Regional variation in CEA remained broad during our study period (Figure 4). Although many regions performed fewer than 2 CEAs per 1000 in 1998, many other regions performed more than 8 CEAs per 1000. The absolute range of regional variation extended from less than 1 CEA per 1000 to nearly 9 CEAs per 1000, whereas the interquartile range extended from 2.2 to 5.2 CEAs per 1000. For example, in Idaho Falls, Idaho, surgeons performed 0.3 CEAs per 1000, whereas surgeons in Munster, Indiana, performed 8.6 CEA per 1000. By 2007, the overall use of CEA had declined as described above, but the range of regional variation still remained broad, with an interquartile range extending from 1.2 to 3.7 CEAs per 1000. For example, in St Petersburg, Florida, rates of utilization for CEA remained nearly twice the national average at both the beginning and end of our study period (7.2 per 1000 in 1998, 4.1 per 1000 in 2007).

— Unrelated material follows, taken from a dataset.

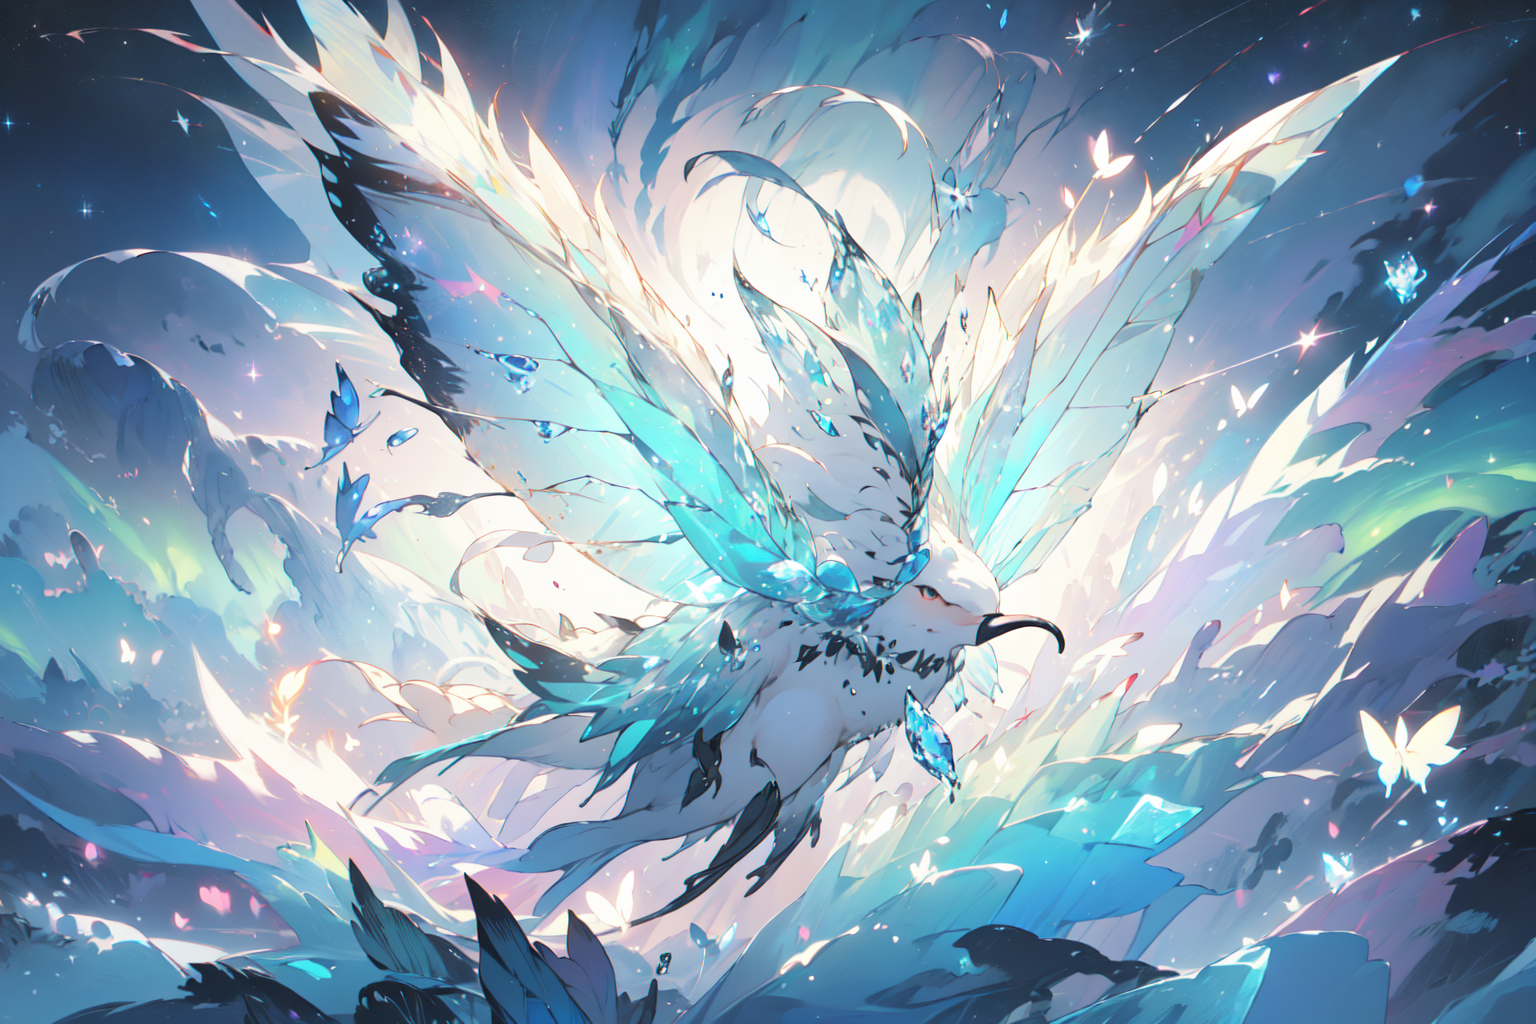 AI Art: Fluffy Ice Crystal Bird by @Subtra

Regional variation in CAS was initially quite small in 1998 (Figure 5). Many regions (32%) did not perform any CAS procedures in 1998. Even within the most aggressive regions, such as Elyria, Ohio, and Peoria, Illinois, utilization of CAS was low—this region performed fewer than 2 CAS procedures per 1000. However, by 2007, regional variation was much broader. Rates of CAS now ranged from 0 to >3 CAS procedures per 1000 (interquartile range, 0.1 to 1.1 CAS per 1000), with the highest rates being recorded in Davenport, Iowa, St Joseph, Michigan, Monroe, Louisiana, Rapid City, South Dakota, and Elyria, Ohio.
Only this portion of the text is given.